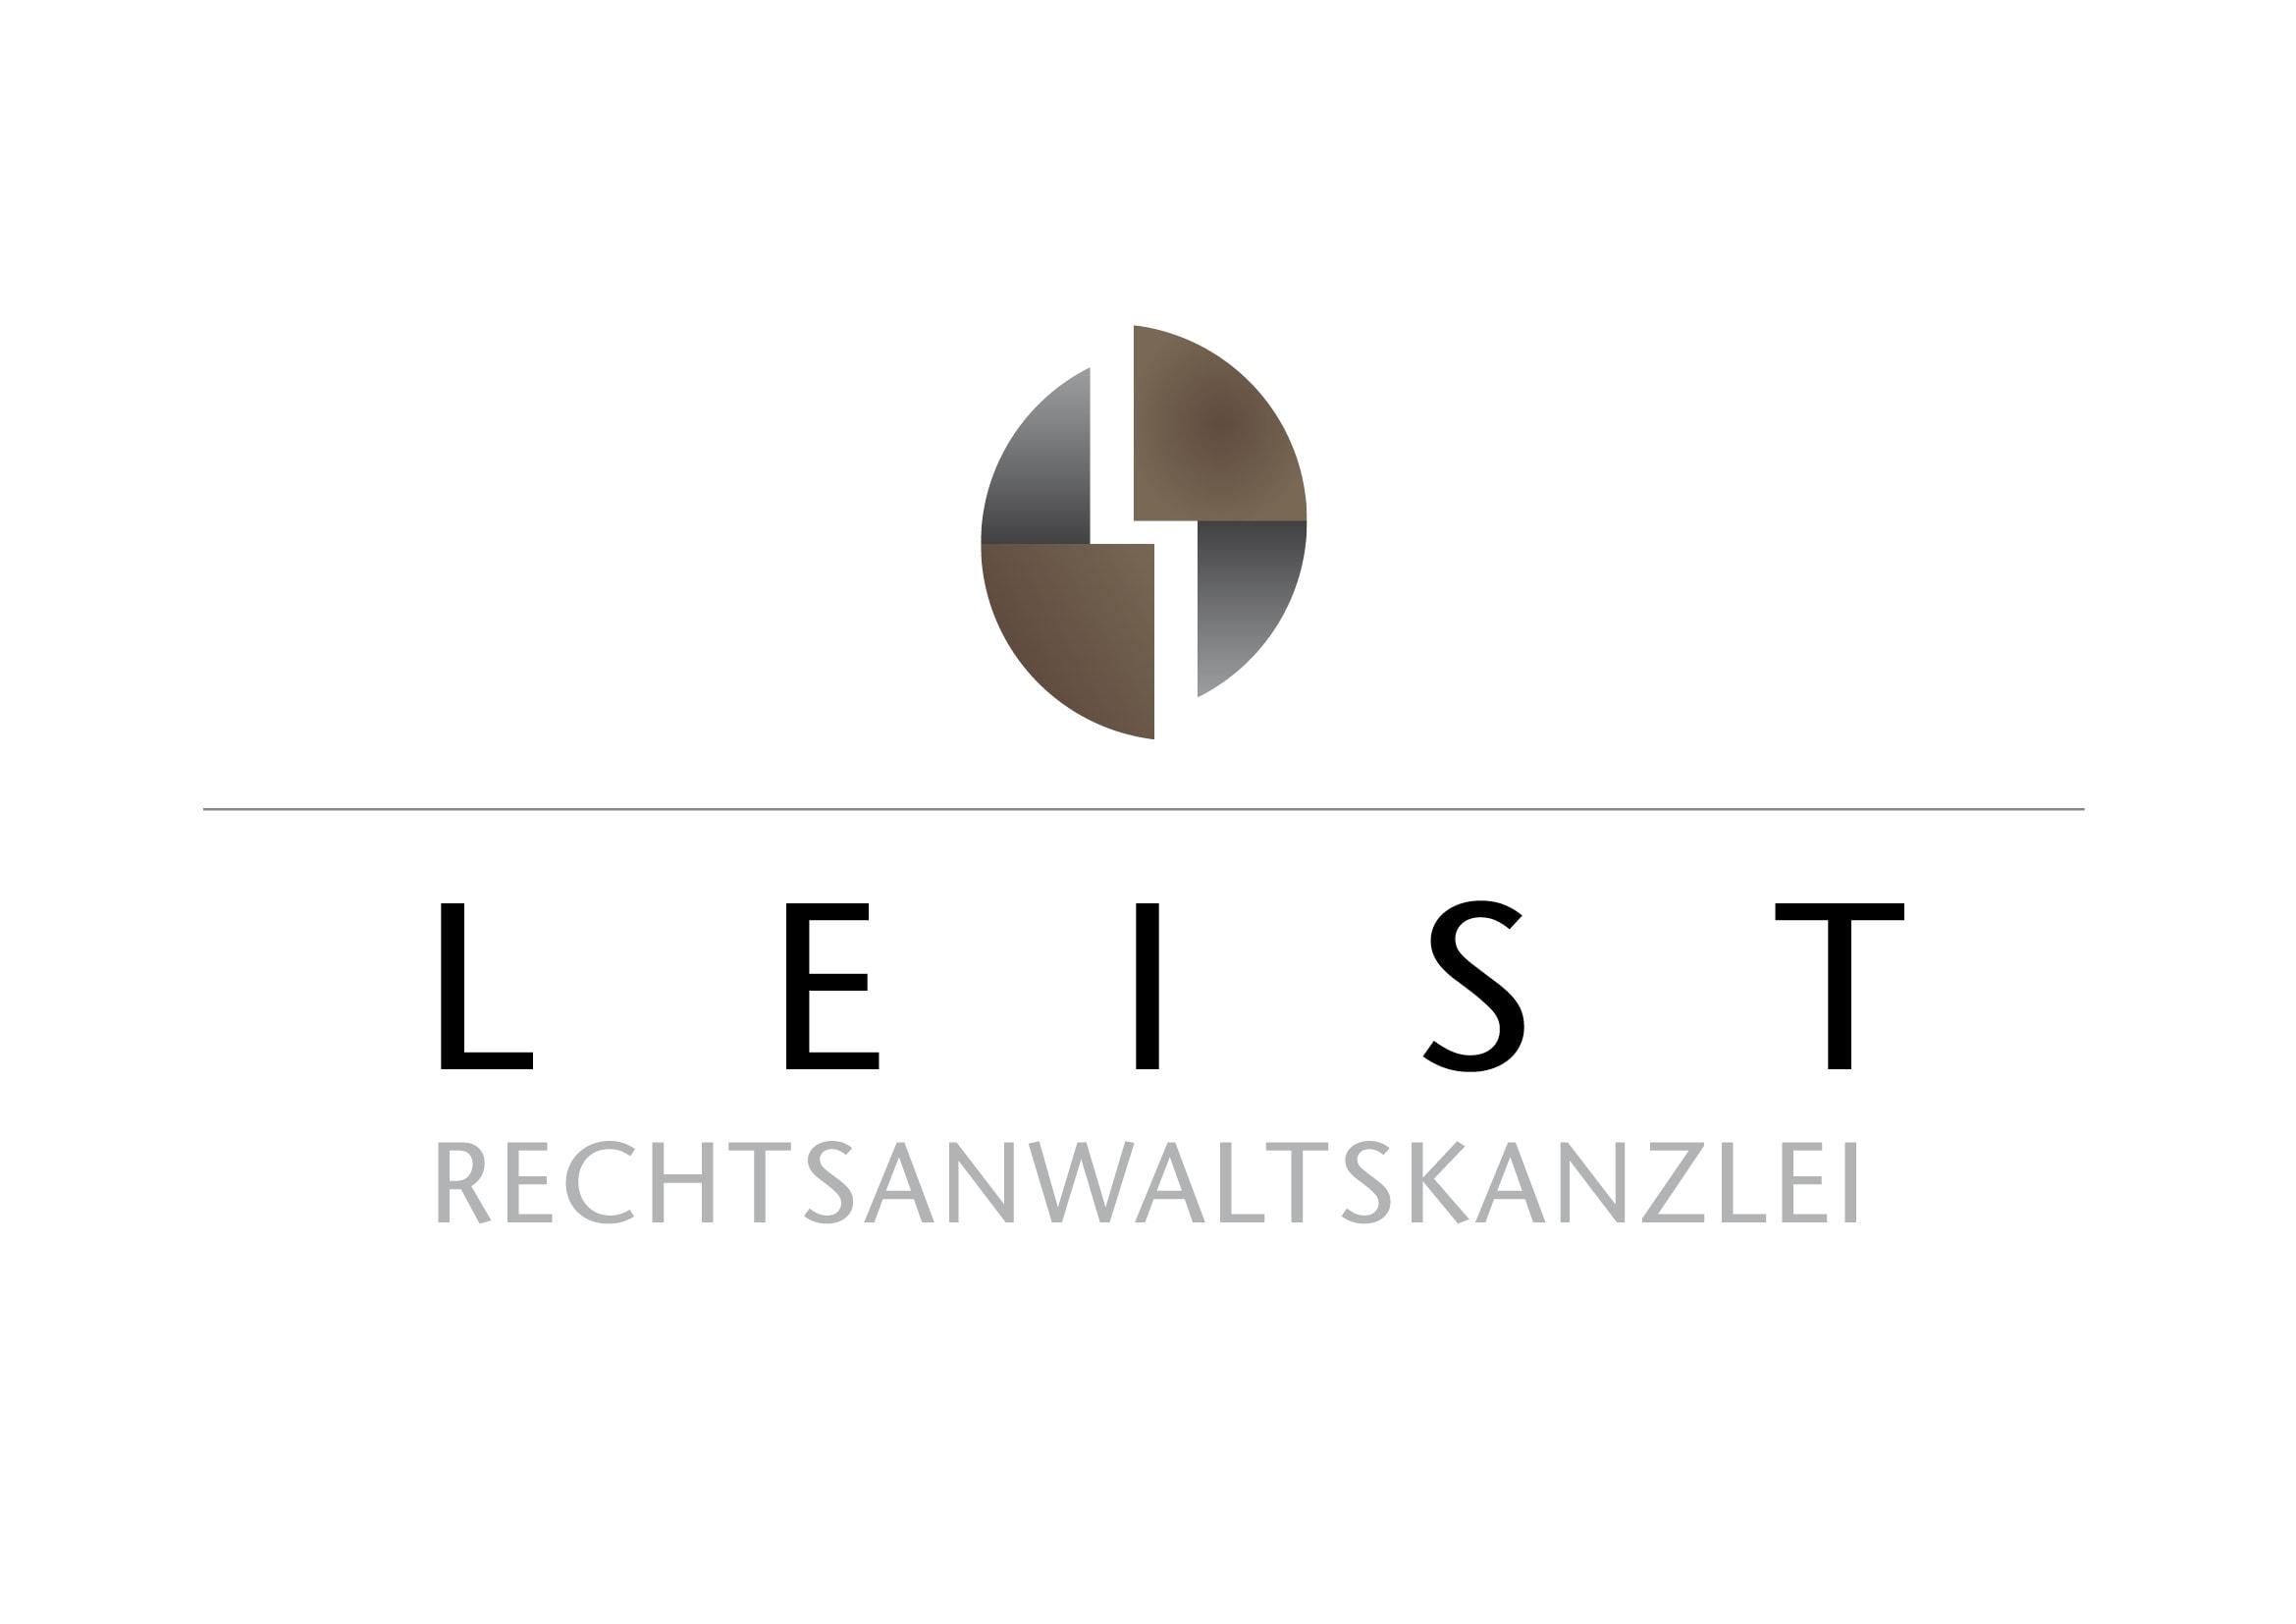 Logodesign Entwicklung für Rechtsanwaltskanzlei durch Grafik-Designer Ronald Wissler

...

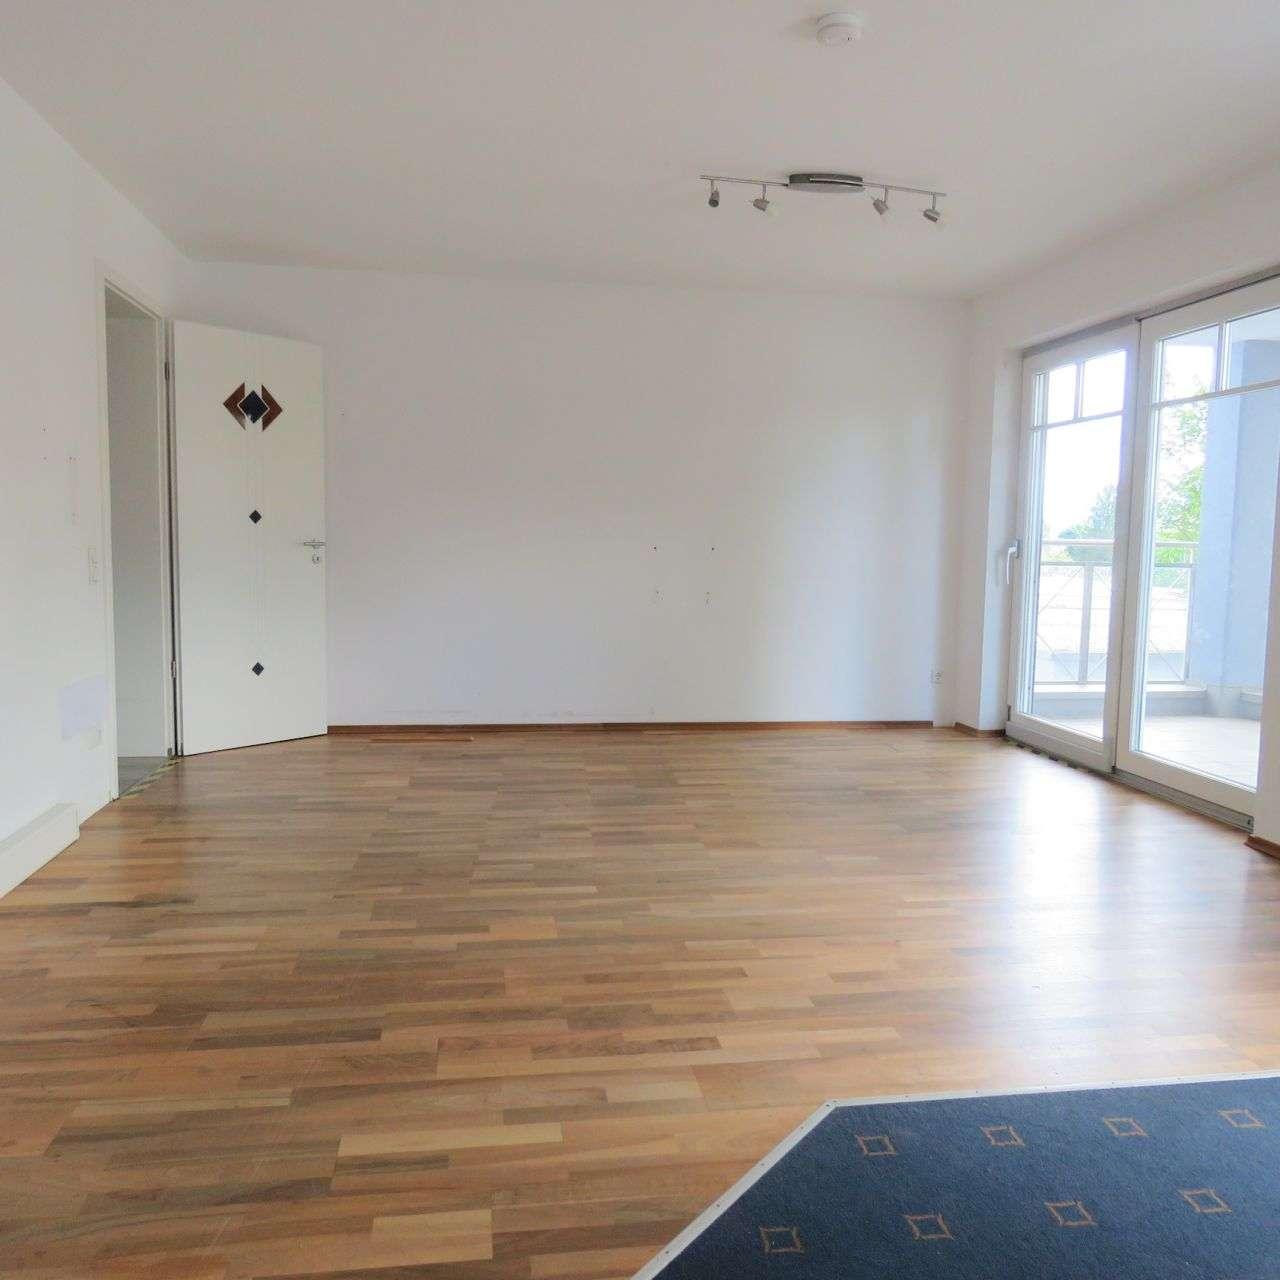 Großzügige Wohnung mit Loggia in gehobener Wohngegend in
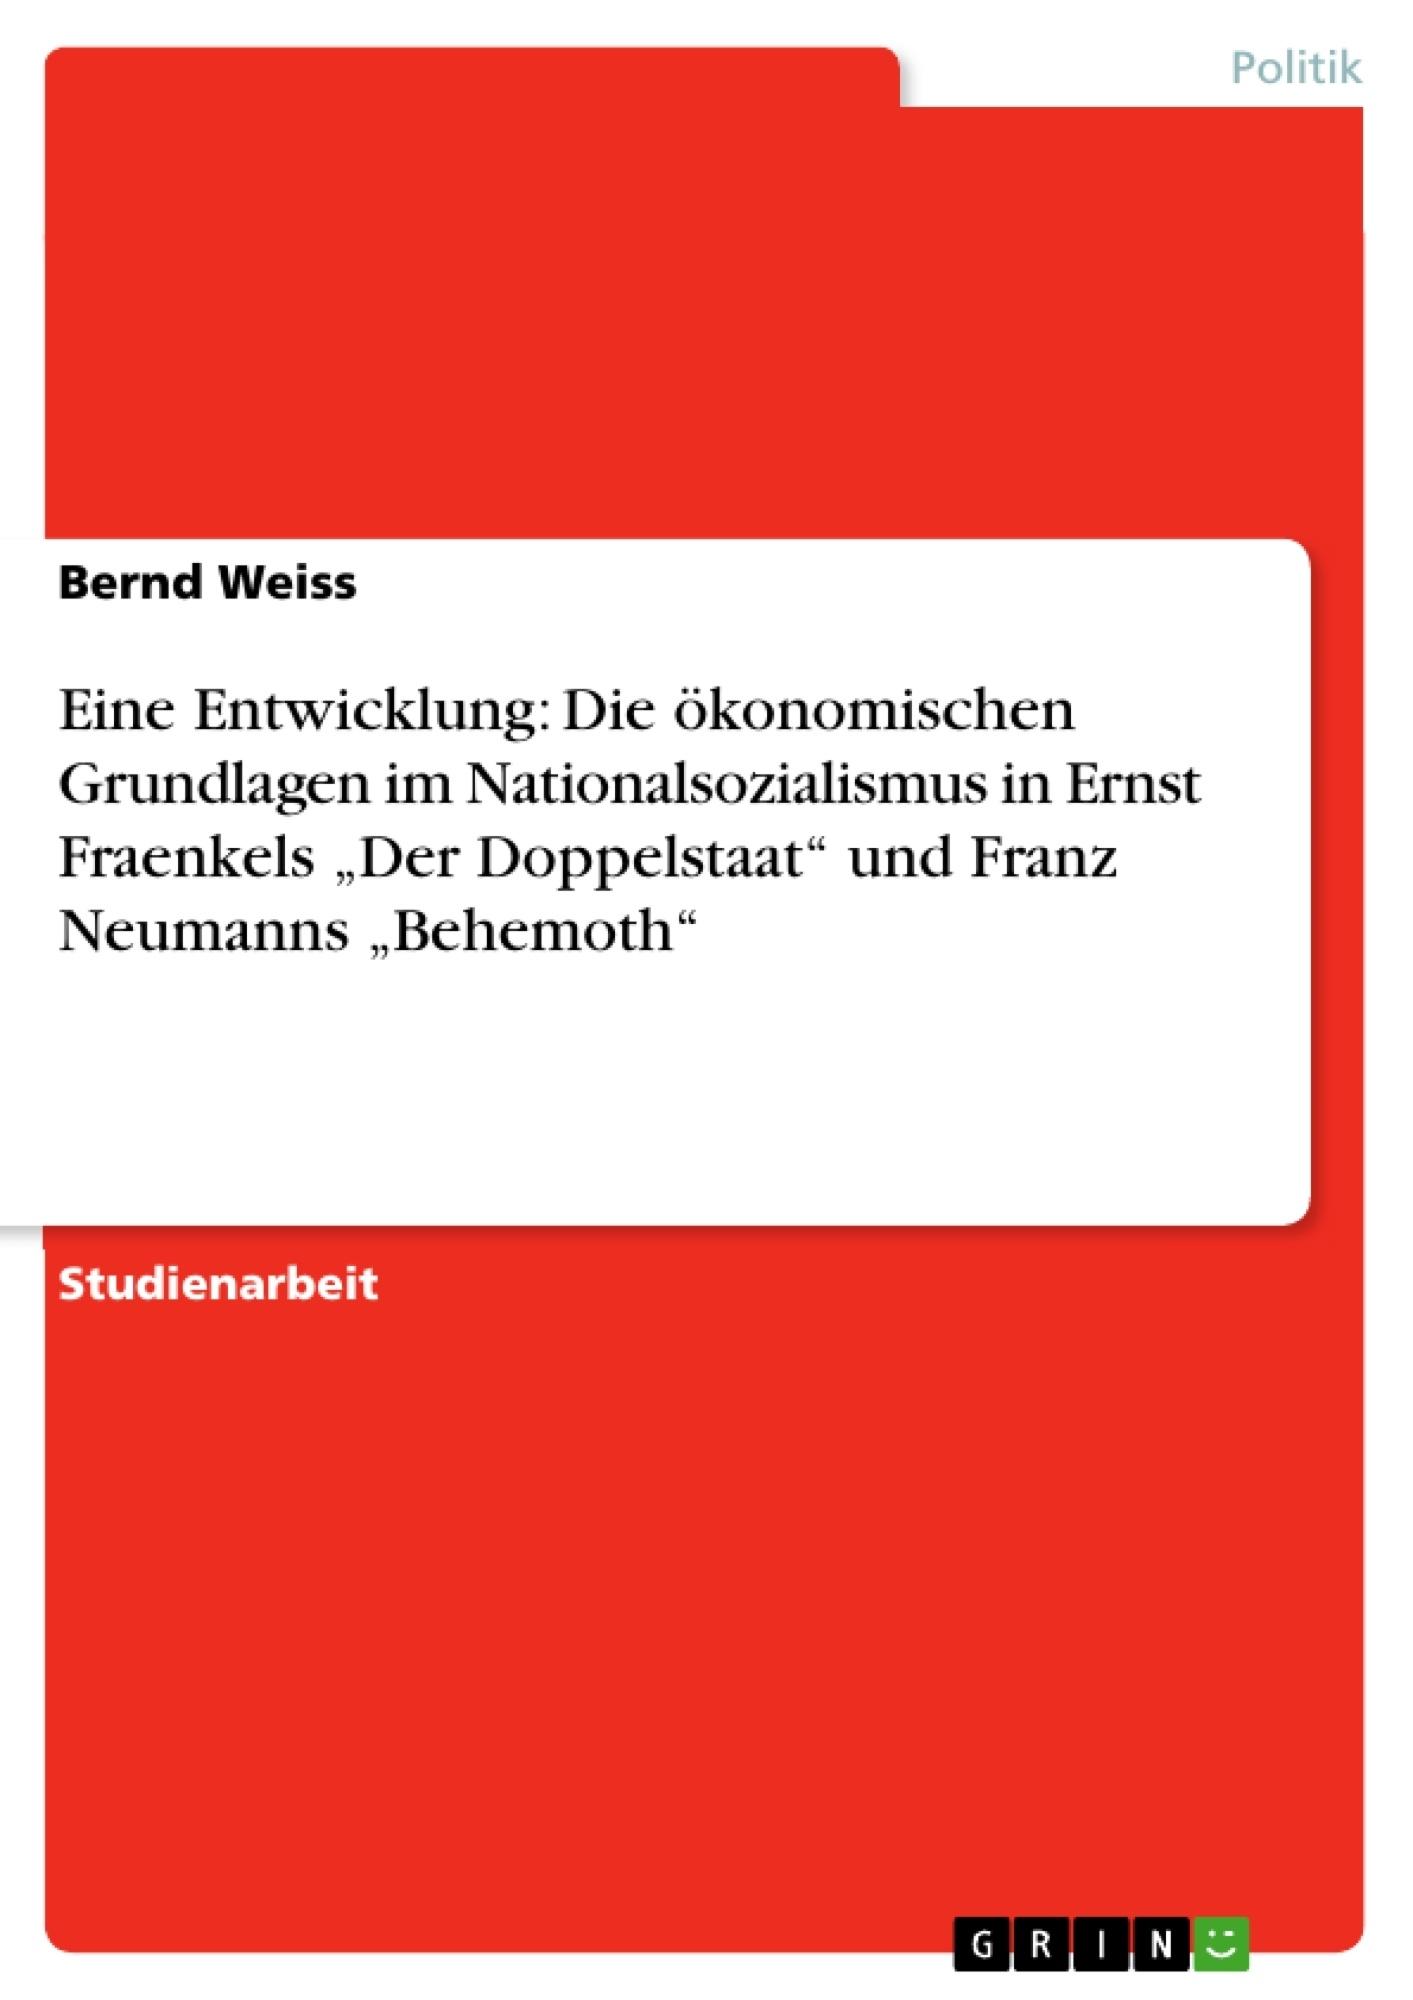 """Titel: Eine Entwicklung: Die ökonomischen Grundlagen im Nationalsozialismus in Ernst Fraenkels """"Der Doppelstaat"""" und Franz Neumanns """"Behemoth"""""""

### GOAL OF THE EXERCISE
Write out the lines above from the one with "Großzügige Wohnung mit" through the one with "Eine Entwicklung: Die", ends included, exactly; no picture goes in.

### WRITTEN RESPONSE
 Großzügige Wohnung mit Loggia in gehobener Wohngegend in
 """Titel: Eine Entwicklung: Die ökonomischen Grundlagen im Nationalsozialismus in Ernst Fraenkels """"Der Doppelstaat"""" und Franz Neumanns """"Behemoth"""""""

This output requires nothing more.